====== Materials provided ======

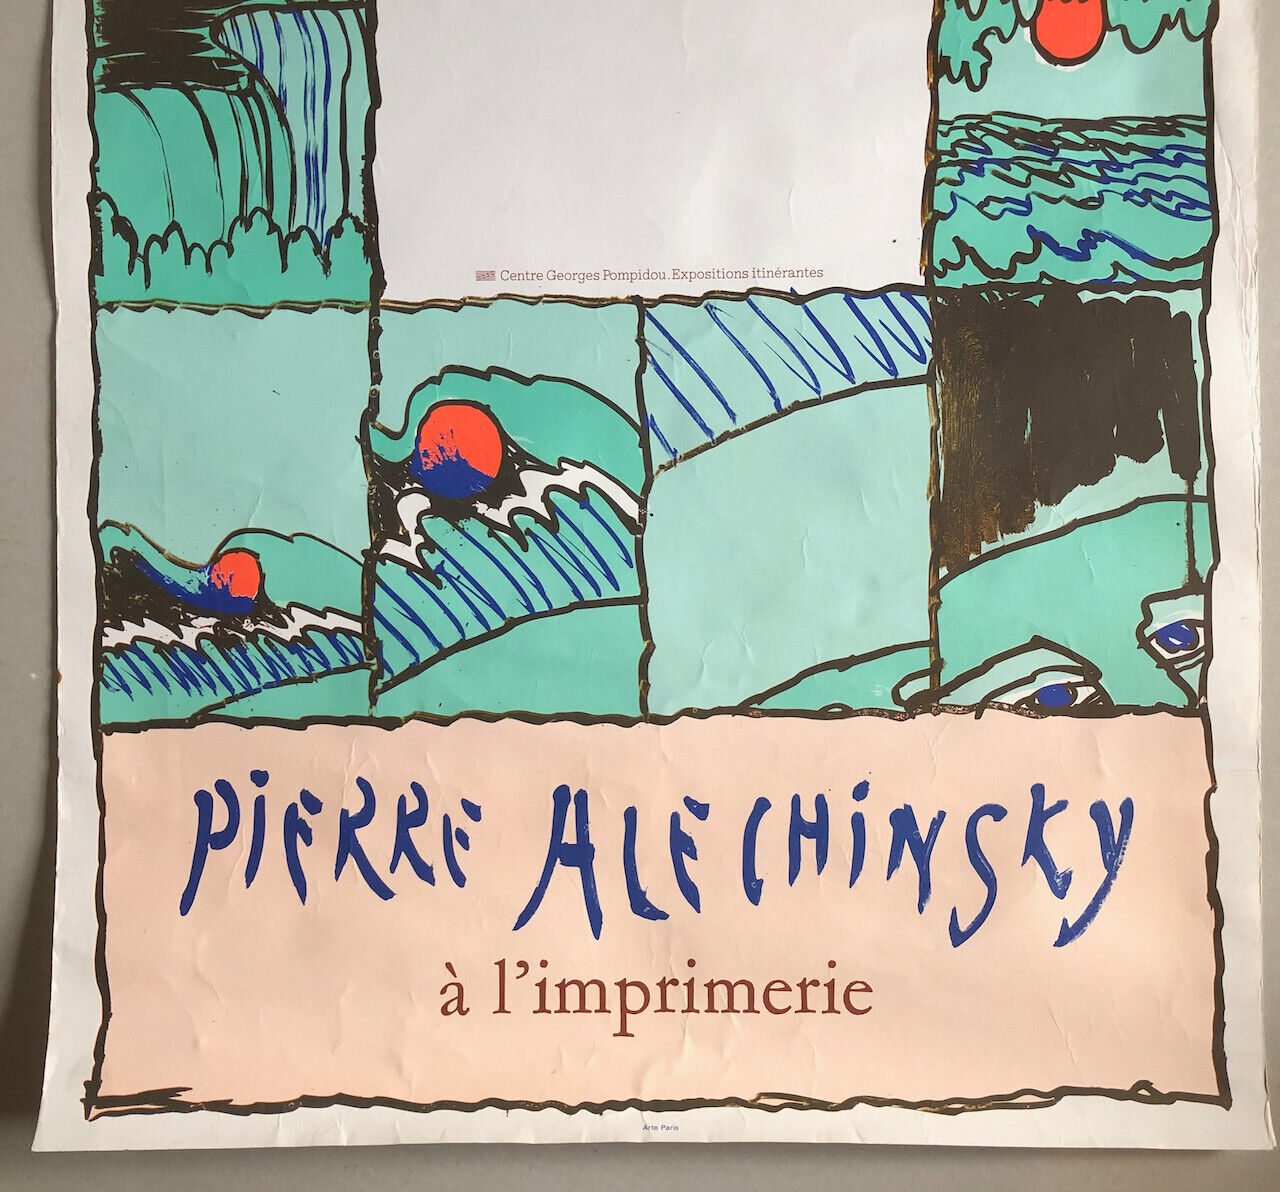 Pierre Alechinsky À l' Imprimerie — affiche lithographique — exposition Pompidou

======
====== Materials provided ======

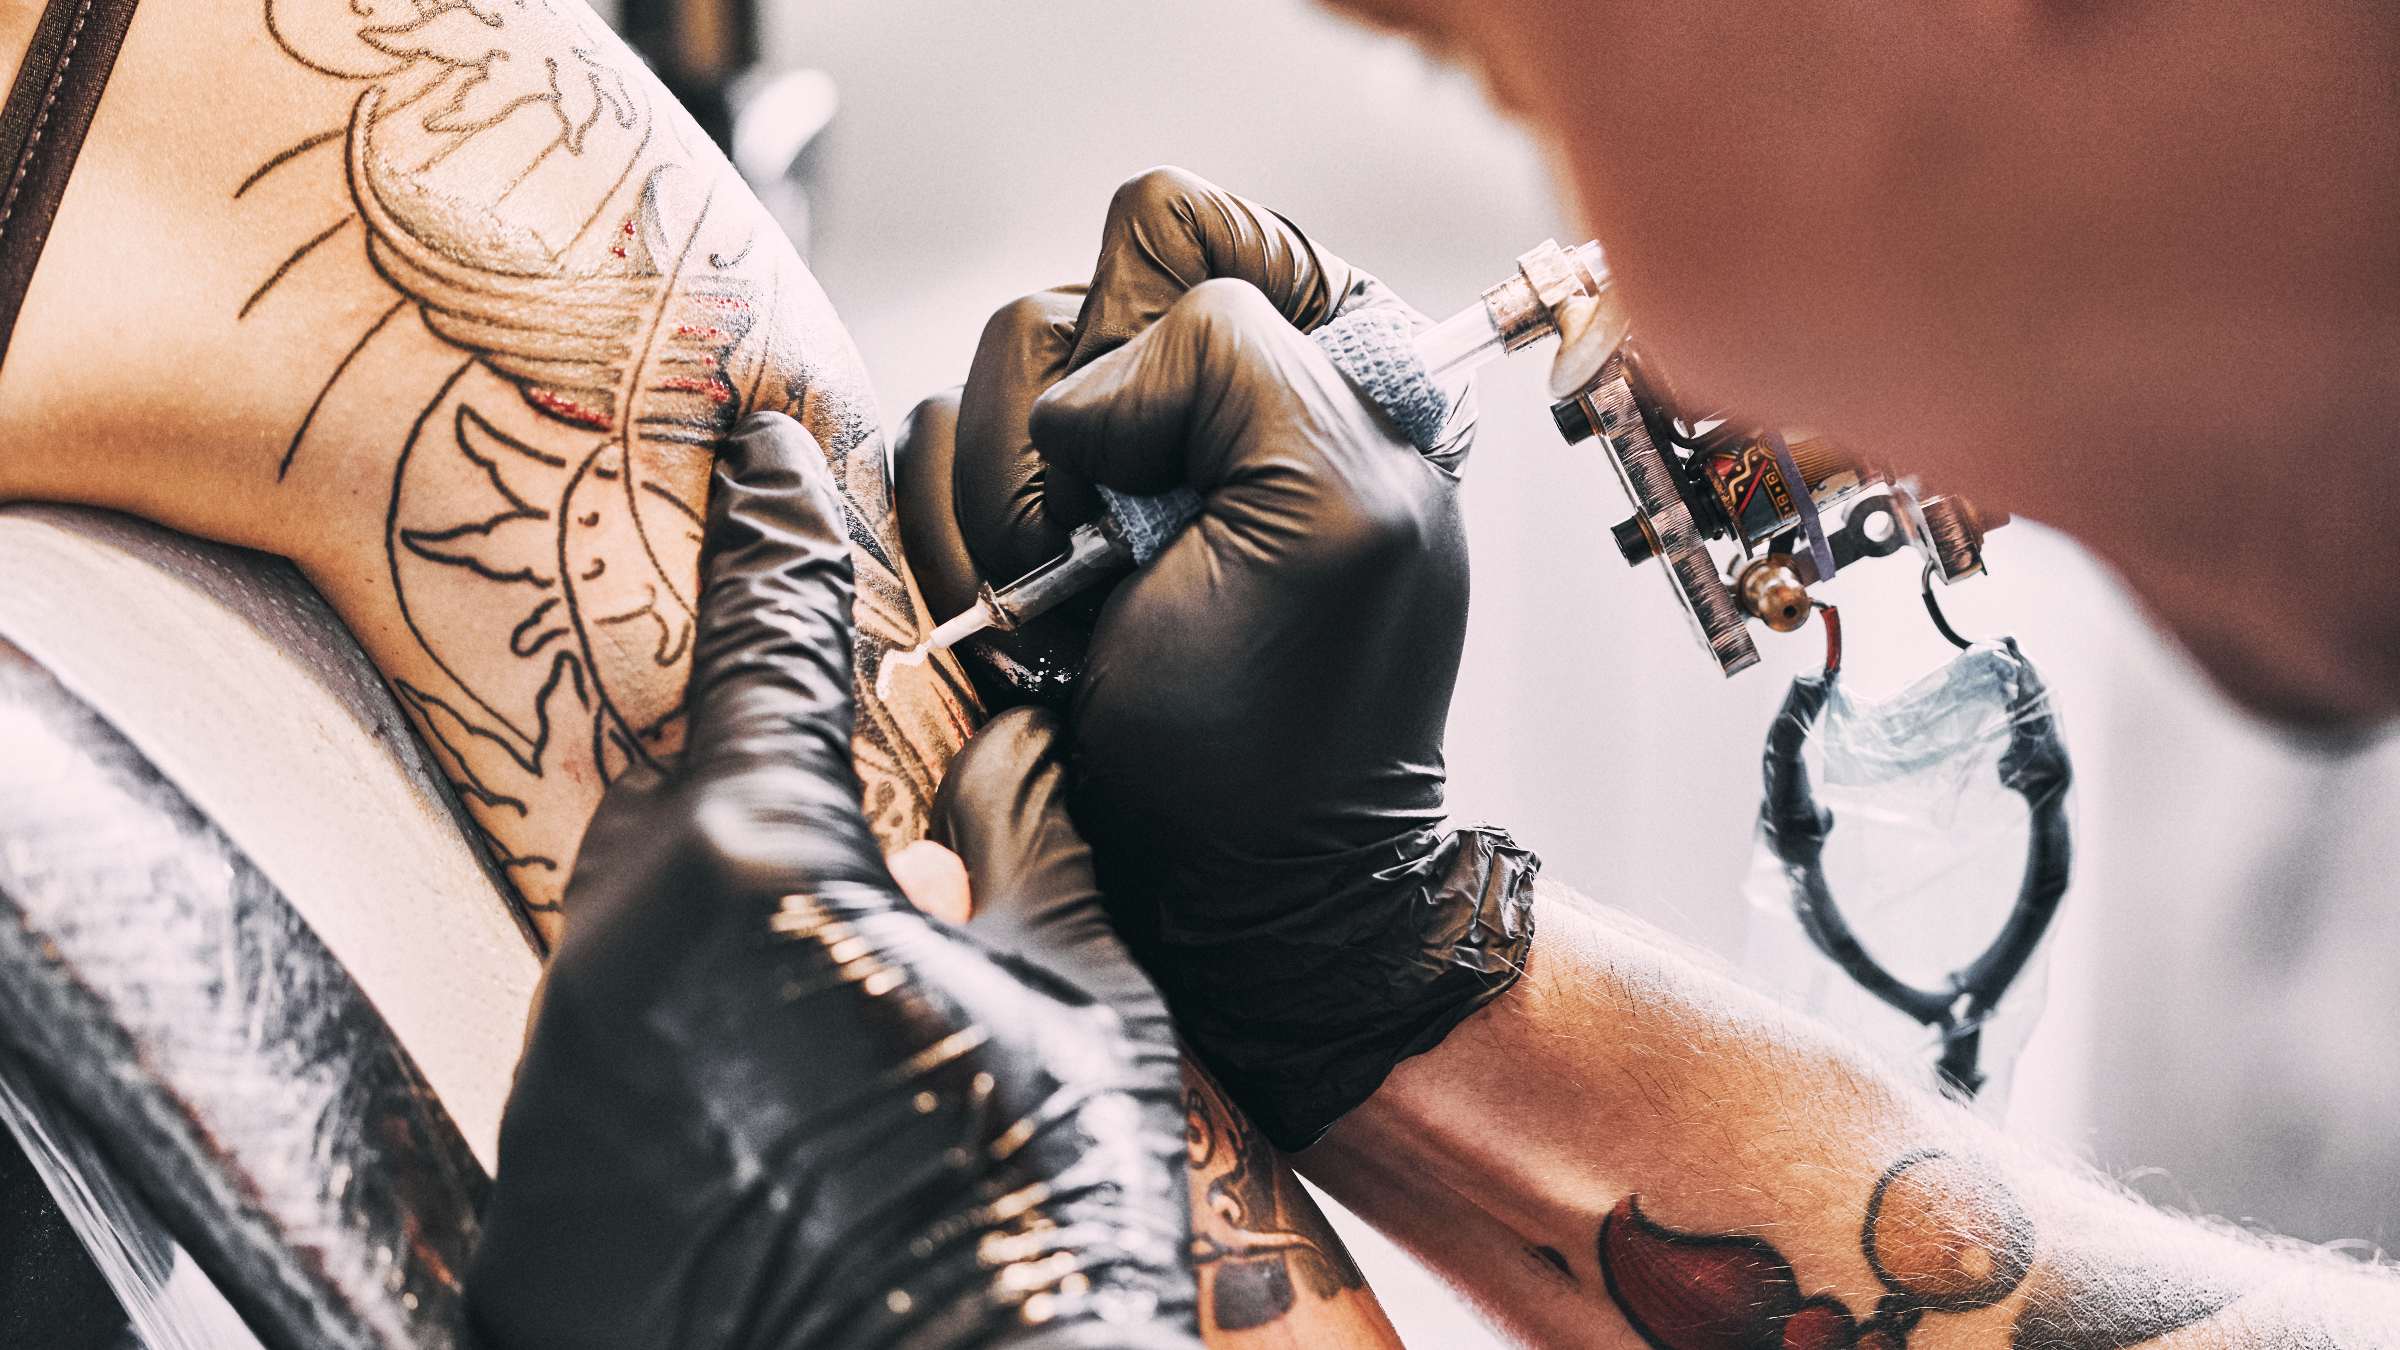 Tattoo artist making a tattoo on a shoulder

======
====== Materials provided ======

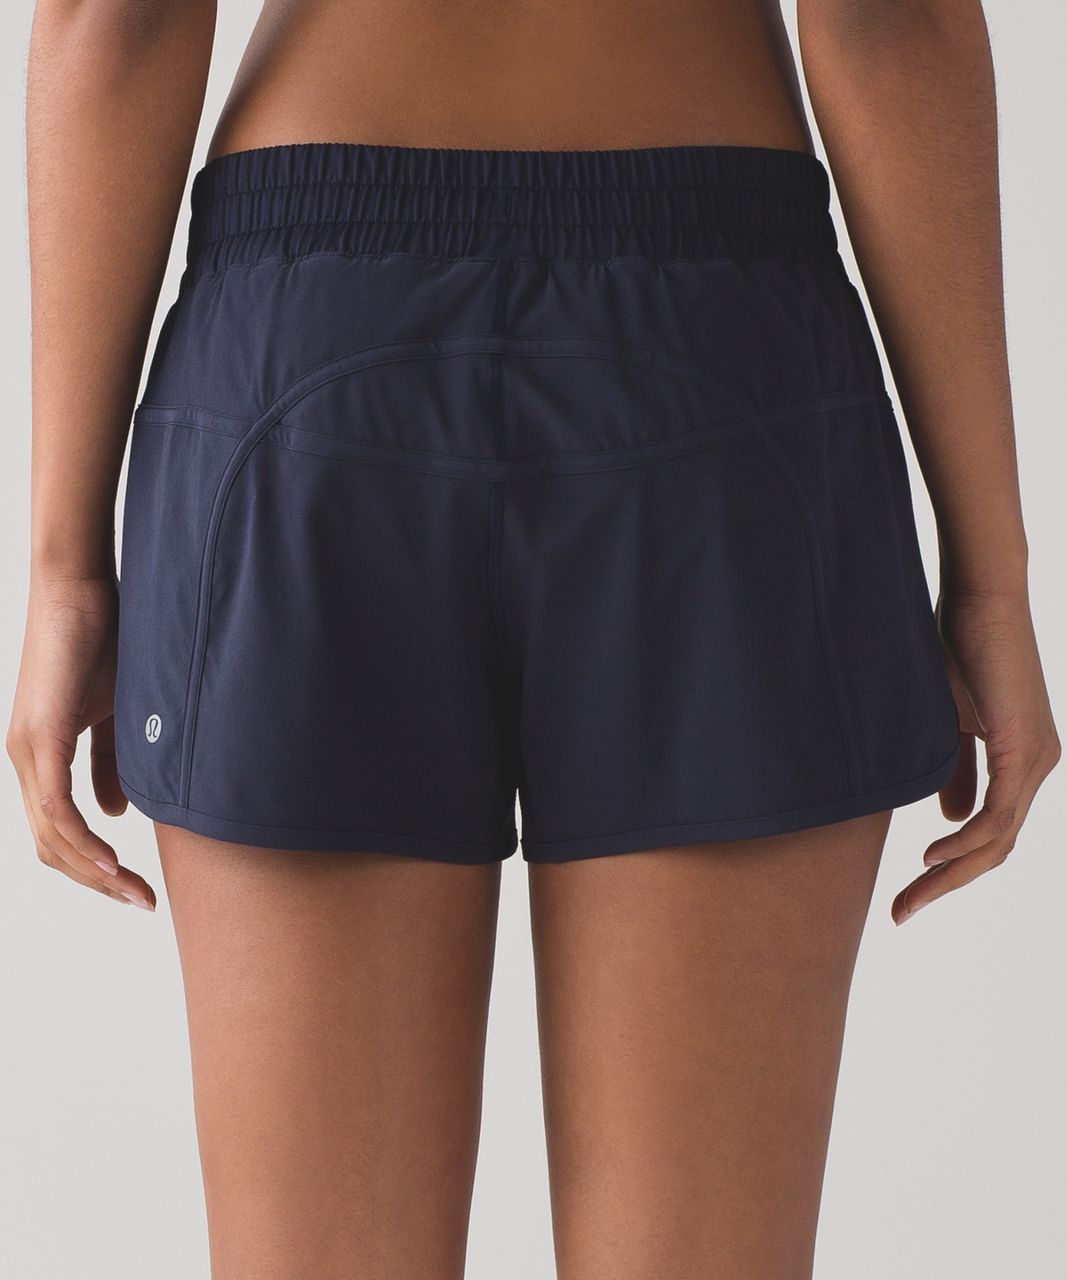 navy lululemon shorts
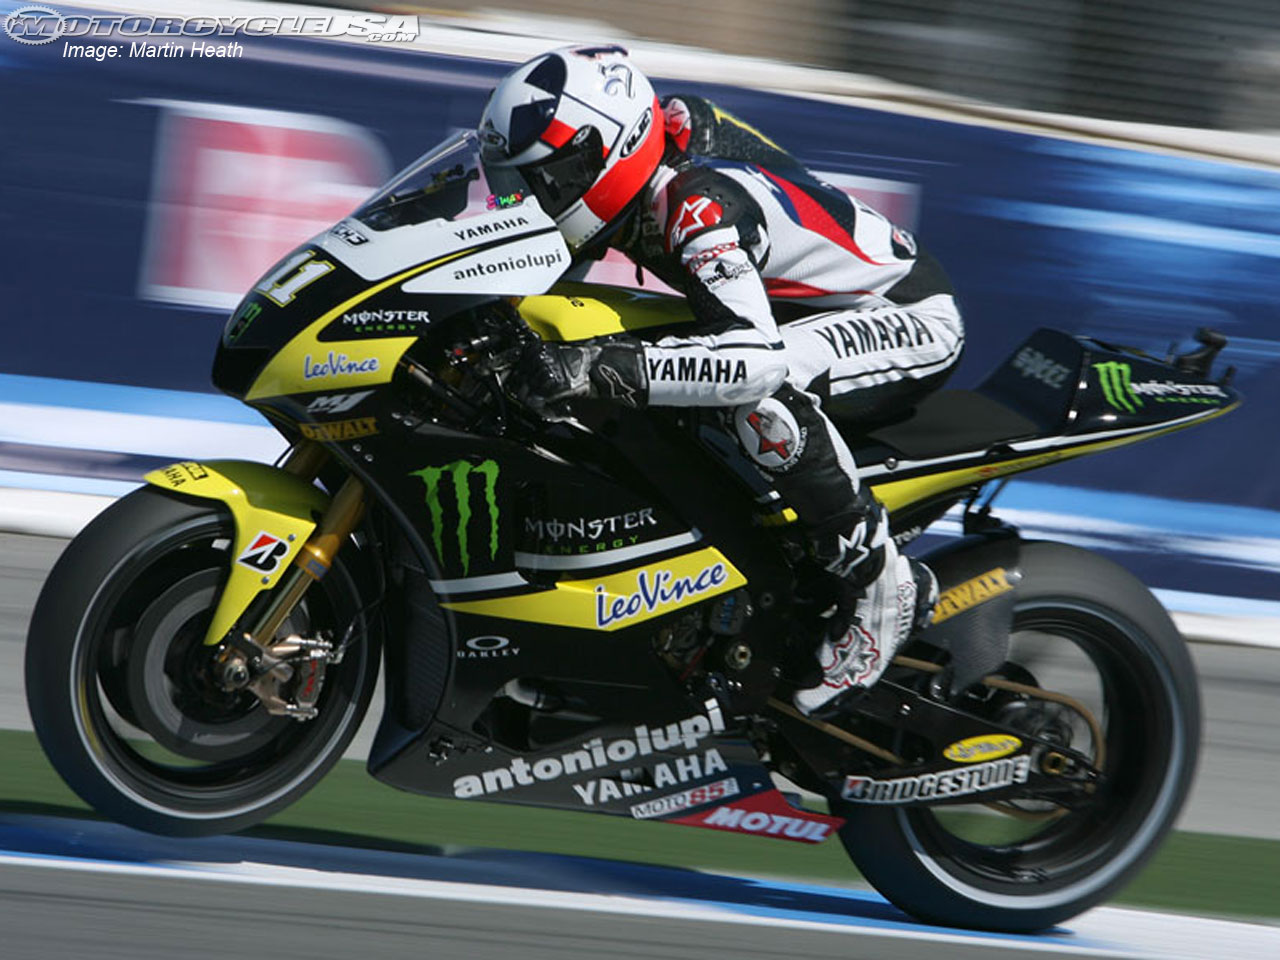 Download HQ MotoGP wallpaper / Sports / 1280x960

======

What to work on:
Above, find the line with "navy lululemon shorts"; copy it and every line down to the line with "Download HQ MotoGP", exactly and both included, but no pictures.

Written response:
 navy lululemon shorts
 Download HQ MotoGP wallpaper / Sports / 1280x960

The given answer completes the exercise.